Living with someone diagnosed with dissociative identity disorder can be pretty challenging. Aside from the odd behavior, you won’t feel completely safe around your loved one, and that’s the truth. No one can tell what’s going on in your loved one’s mind and that makes the person completely unpredictable.
However, if this special someone is indispensable in your life, then you cannot just get away or ignore the person forever. It is your duty to help him or her cope with that condition. With this, you should learn how to deal and live with your loved one.
Below are some tips on how to do it while keeping your sanity intact:
Gain An Understanding of Dissociative Identity Disorder.
Being knowledgeable about Dissociative Identity Disorder is your best weapon in dealing with it. You need to understand everything about the condition. By learning how DID progresses, you will know what to do when an “episode” takes place, and how to avoid adverse outcomes.
Details about this condition are obtainable through the internet, mental health books of the latest editions, and a psychiatrist, upon consultation.
Provide Reassurance To Your Loved One That Even With His DID, You Will Still Love And Accept Him.
Assuring your loved one that you are by his or her side no matter what will make the person feel secure. It can’t be helped that people with DID would get some bad treatment from other people. The stigma is disheartening. This situation will make your loved one feel insecure and even unworthy.
If this thought comes in often, it can trigger or even further deepen the development of the condition. But doing otherwise, it will help the person stabilize his or her emotions.
Talk Openly With Your Partner/Spouse.
Communication always helps, especially for people with DID. However, during your conversation, you need to be careful and yet honest at the same time. Be sure that your loved one will receive the message well by using non-offensive words so that it won’t trigger a shift in identities.
In short, you need to be respectful to your partner or spouse, and his alter egos to avoid complications. Choose your words well and think first before you say something. Your words and actions can have an impact on him and “them.”

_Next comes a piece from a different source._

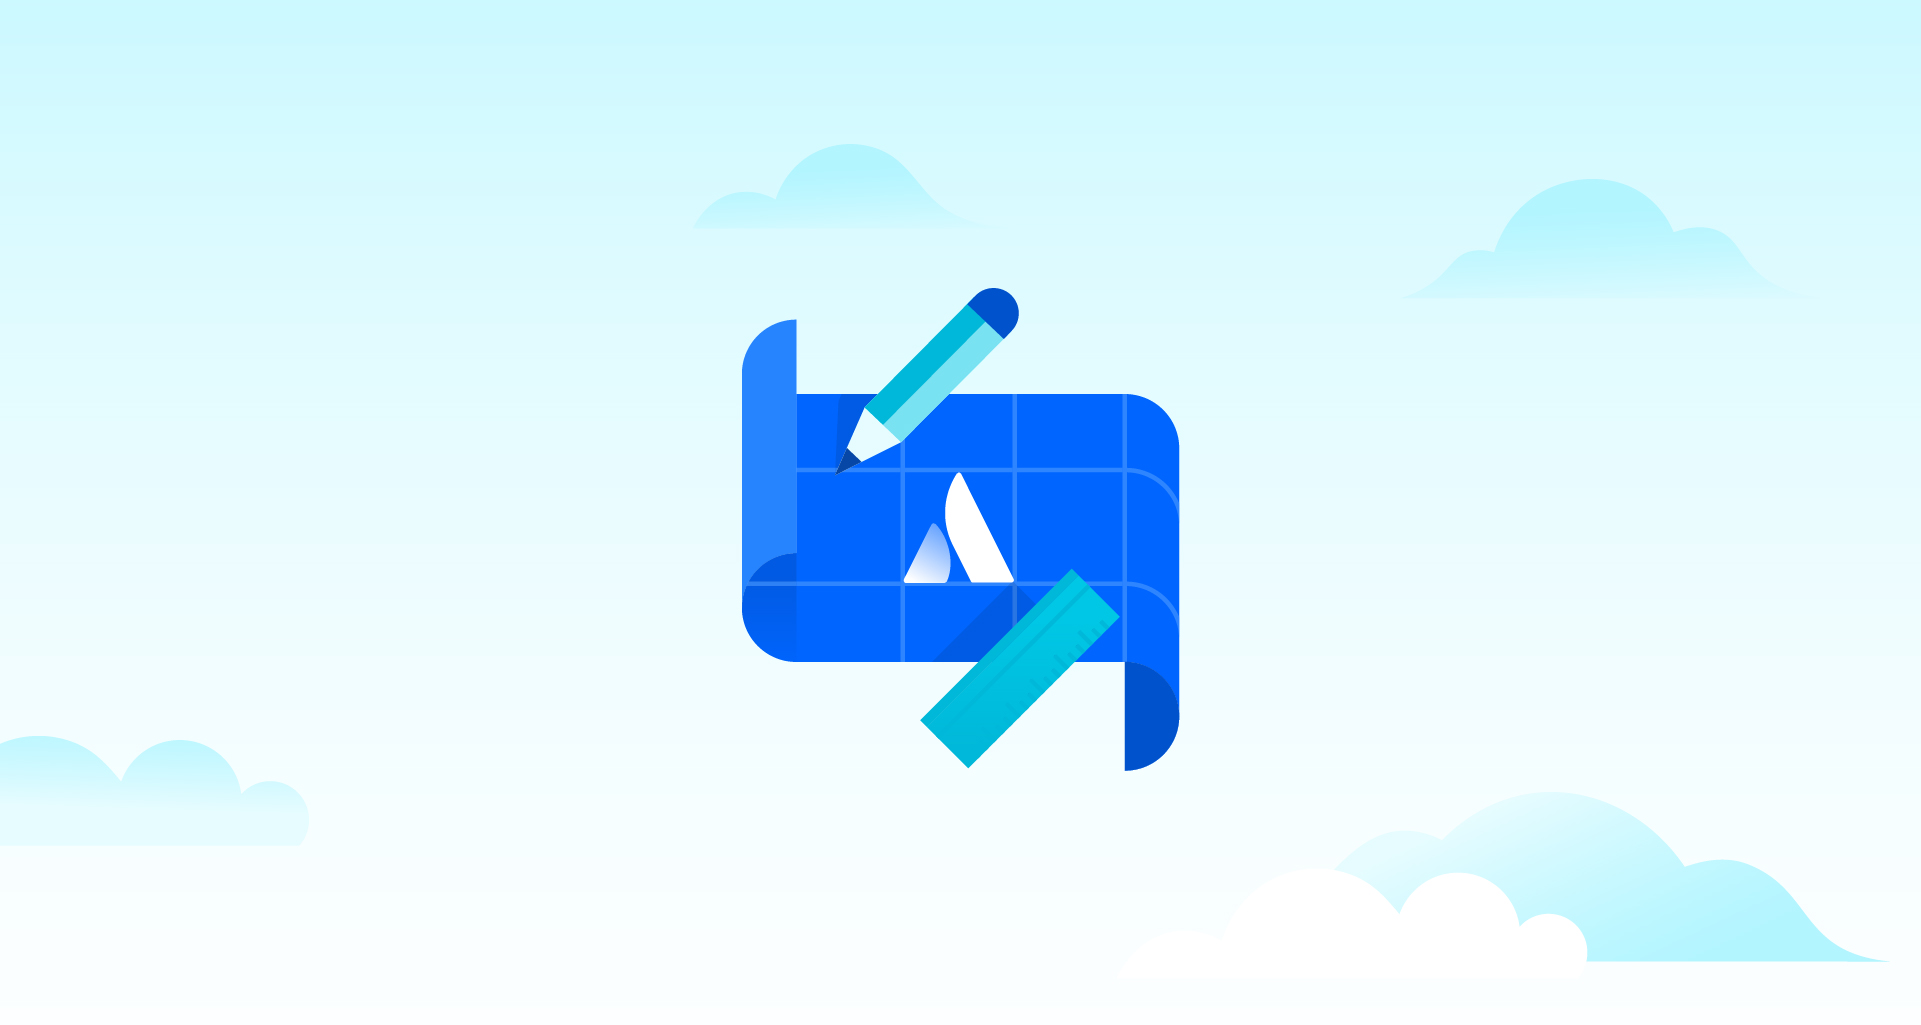 Atlassian blueprint illustration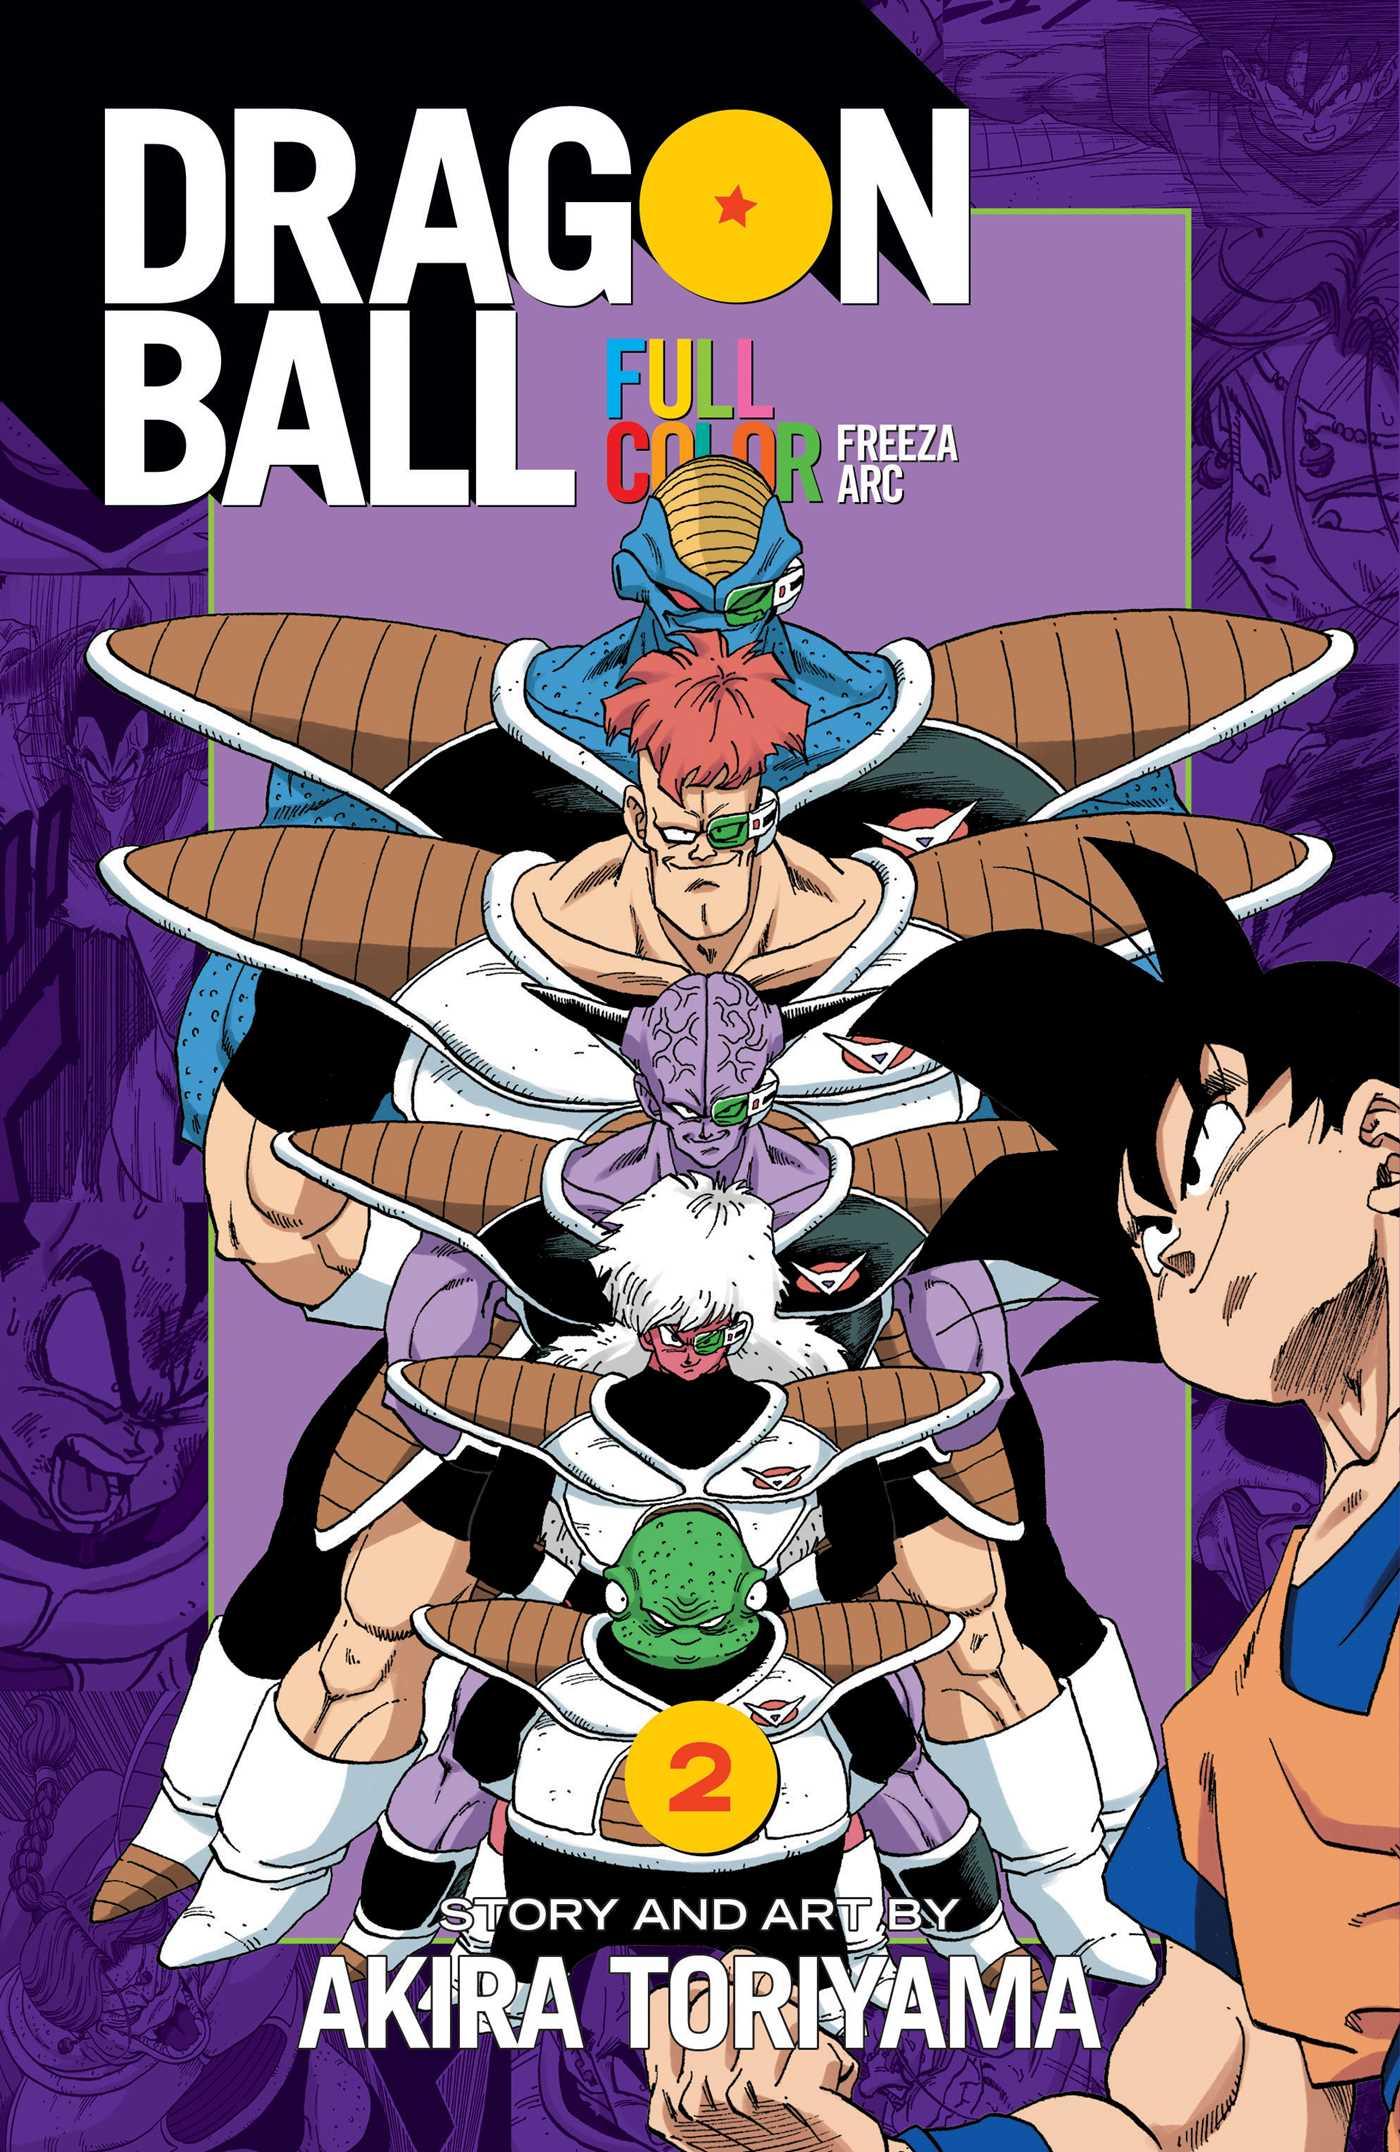 Dragon Ball Full Color Freeza Arc, Vol. 2   Book by Akira Toriyama ...

Connect With All The “Personalities.”
Get to know the person not just from the outside, but the “multiple insides” as well. It will also help you ascertain how you can treat them without tripping into factors that can trigger an adverse effect.
Be Ready For Irregularities.
One characteristic of people with DID is that they can be very inconsistent. In such case, you need to be ready for it. Take note of everything the patient tells you and be observant.
Talk About Fun Or Love-Filled Memories.
During your talks, you can casually mention those fun and loving memories together. This act will lighten your loved one’s mood since remembering something good can always bring an incredible feeling. It will help your loved one feel sheltered and at ease.
Be Careful About Physical Touch.
Physical abuse is one of the standard causes of DID. That is why it is not a wonder if people with the said disorder find themselves uncomfortable with physical touch or contact. Note on this and be very careful. Know your loved one’s view on being touched. If he or she finds it troubling, then respect your loved one’s feelings.
Patience Is A Virtue, Especially When It Comes To Sexual Intimacy.
If your partner or spouse has a DID, then know his or her views on sexual intimacy. If your loved one is not ready to be intimate or is uncomfortable with sex, you have to slow down. Be patient with him or her and don’t push it. Doing so can either trigger some negative or violent emotions or further deepen his or her trauma. This is true for people who experienced sexual abuse.
Have Fun With Your Partner.
Despite the condition, bear in mind that you love this person. Treat him or her the usual way and do things that you both enjoy doing together. It will ease the person’s mind off the condition and help your loved one feel alive again.
Here are some tips that you can use from therapists:
- Mara Hirschfeld, LMFT: “We can think of boundaries as a personal rulebook that informs others how to treat us, and specifically what is and isn’t OK.”
- Meredith Janson, MA, LPC: “It’s important to understand your partner’s reservations.”
- Mirel Goldstein, MS, MA, LPC: “I would recommend that couples share something vulnerable with each other each day because couples who stop being vulnerable and “play it safe” can find themselves feeling more and more distant from each other as time goes on and daily responsibilities compete with relationship needs.”
People with Dissociative Identity Disorder are difficult to handle. But if you are sincere with them and change up your approach according to personality, you will eventually get your loved one back.